## Data extract

==*==

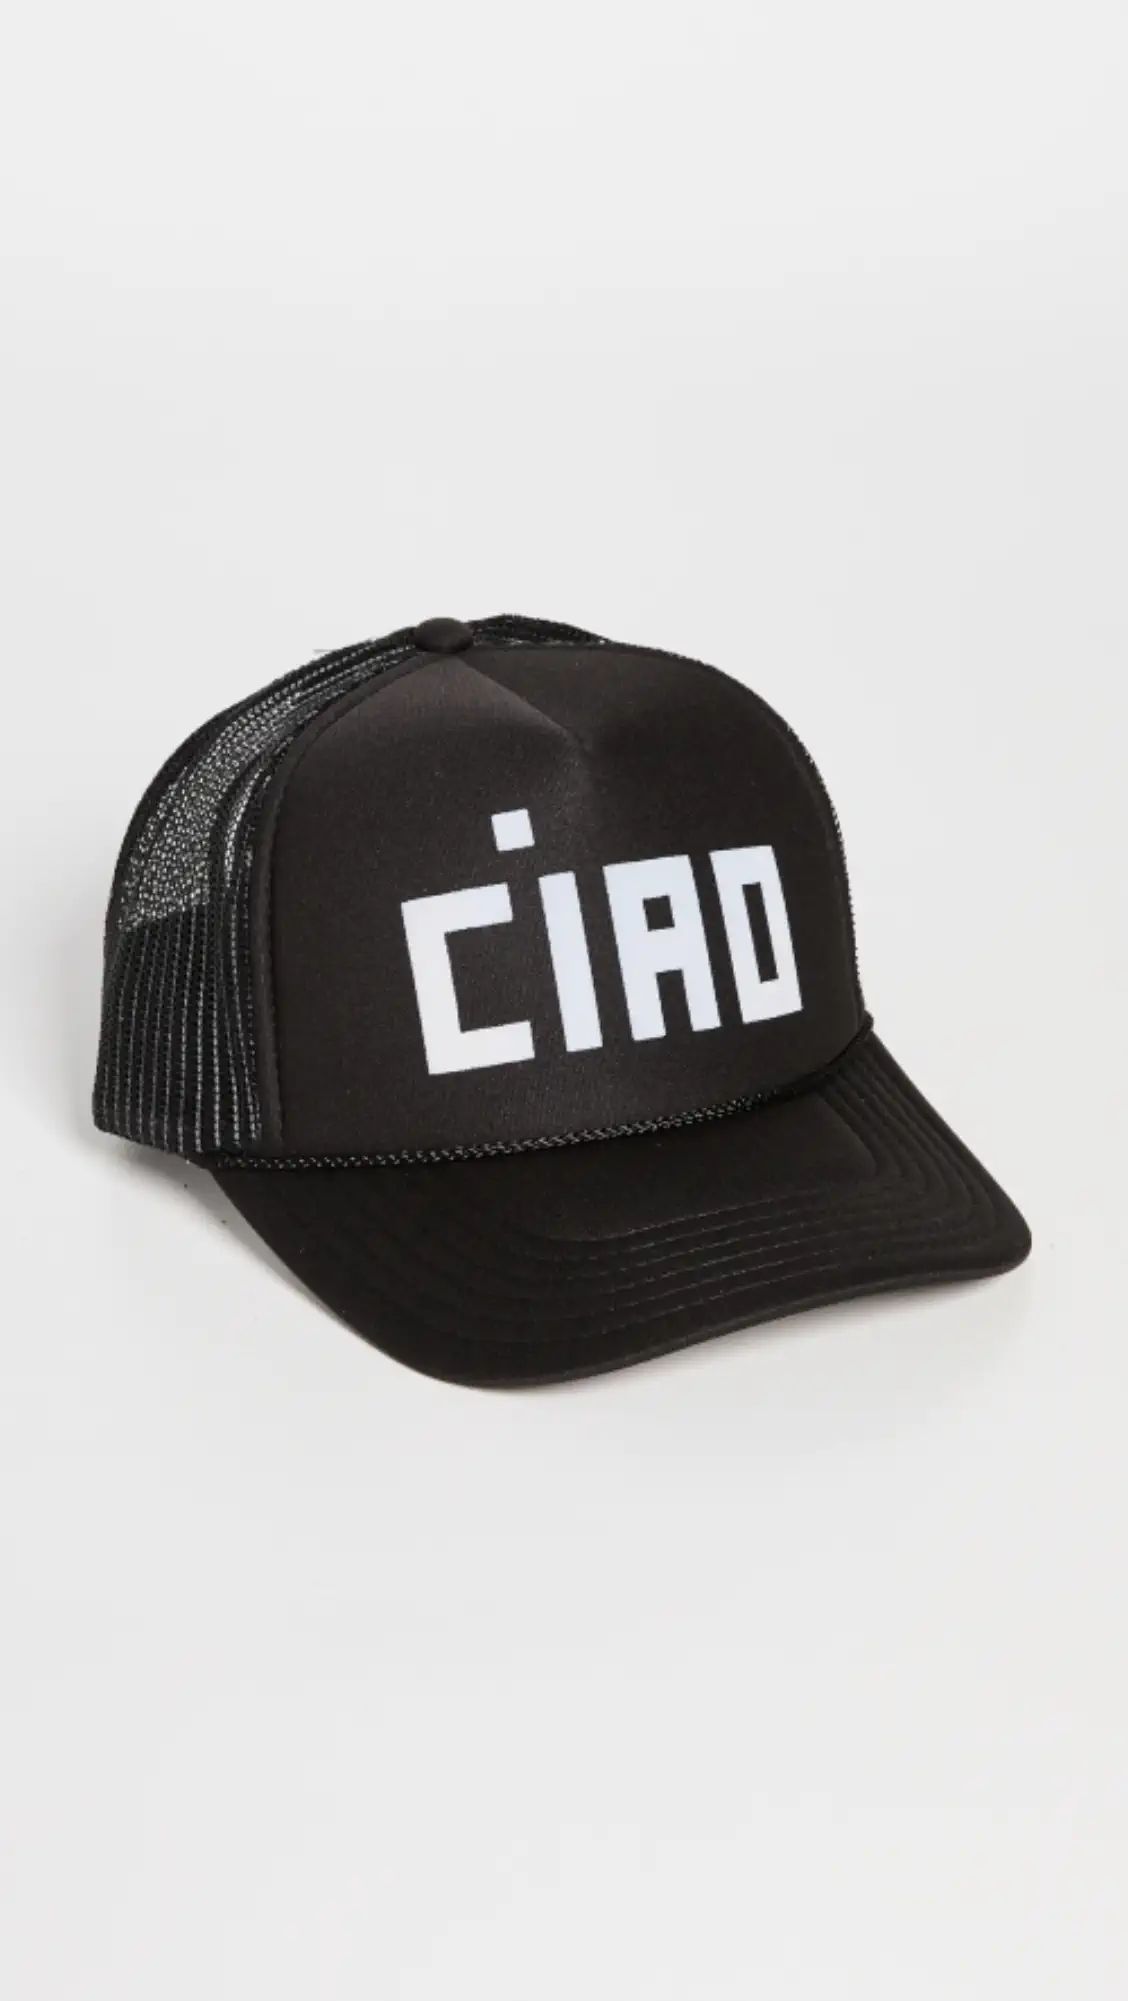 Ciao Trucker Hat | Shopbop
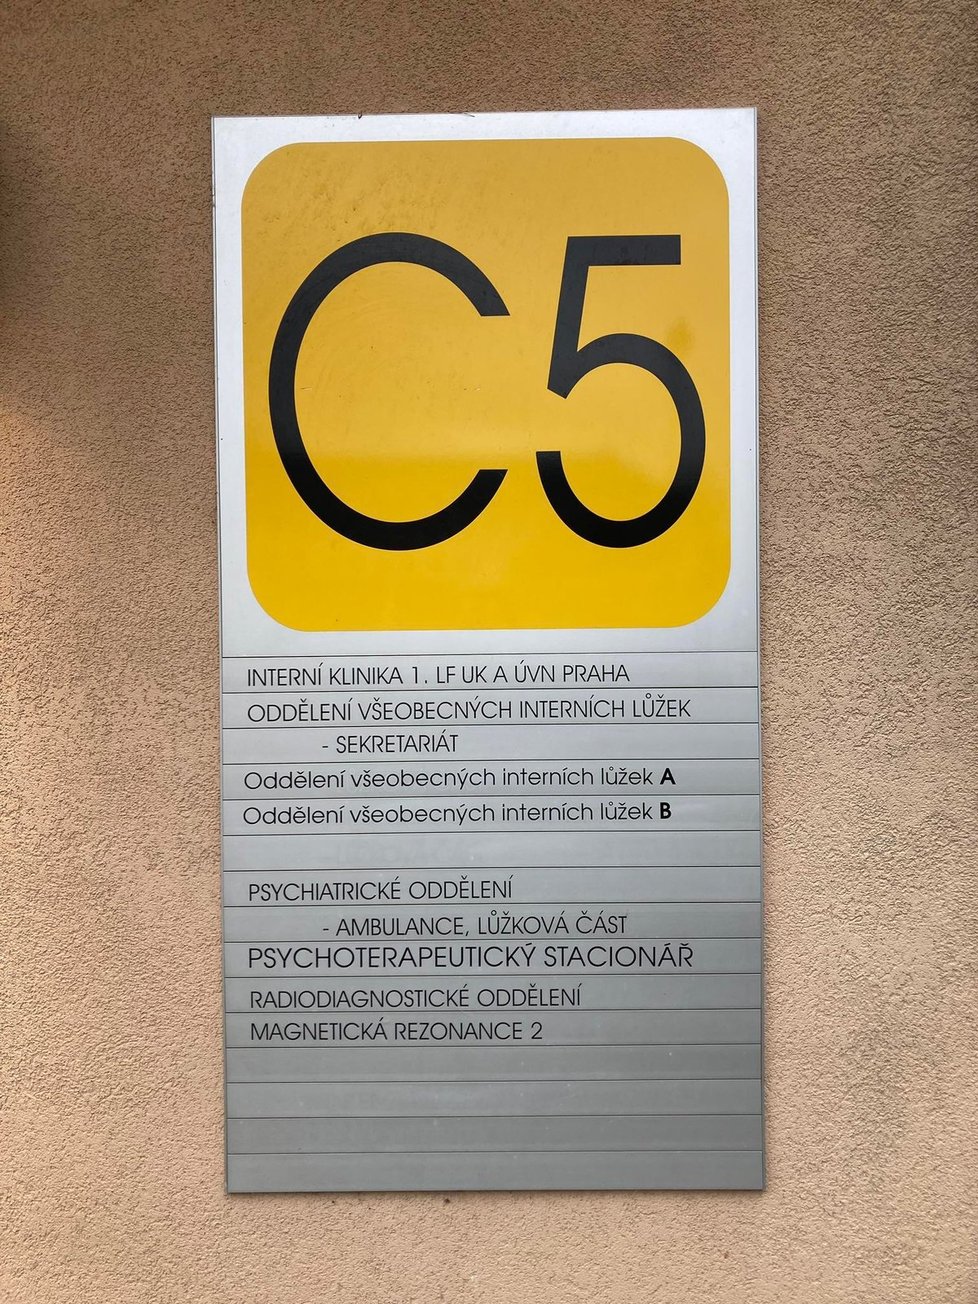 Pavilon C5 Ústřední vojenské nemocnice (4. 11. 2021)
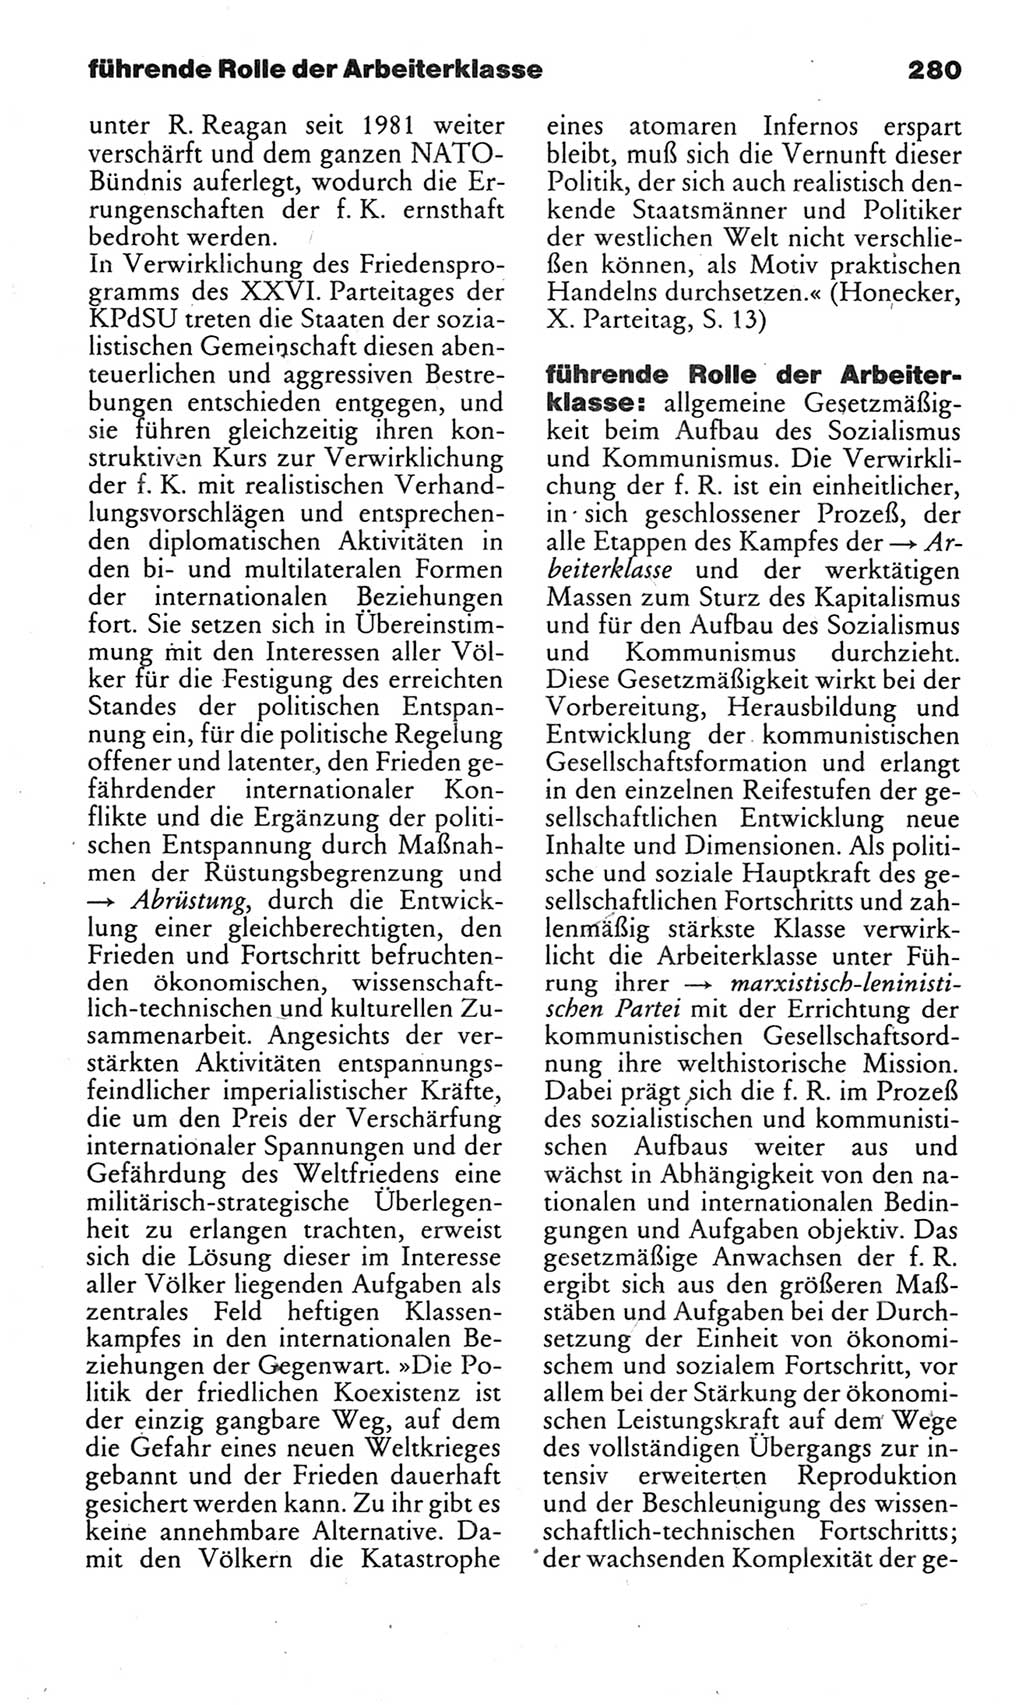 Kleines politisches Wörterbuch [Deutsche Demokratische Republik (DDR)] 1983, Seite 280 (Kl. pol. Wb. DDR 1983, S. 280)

==*==

## Exercise requirements
Could you write out exactly the lines from the line containing "Pavilon C5 Ústřední" to the end of the material, and nothing else? No pictures belong in the copy.

## Solution to the exercise
 Pavilon C5 Ústřední vojenské nemocnice (4. 11. 2021)
 Kleines politisches Wörterbuch [Deutsche Demokratische Republik (DDR)] 1983, Seite 280 (Kl. pol. Wb. DDR 1983, S. 280)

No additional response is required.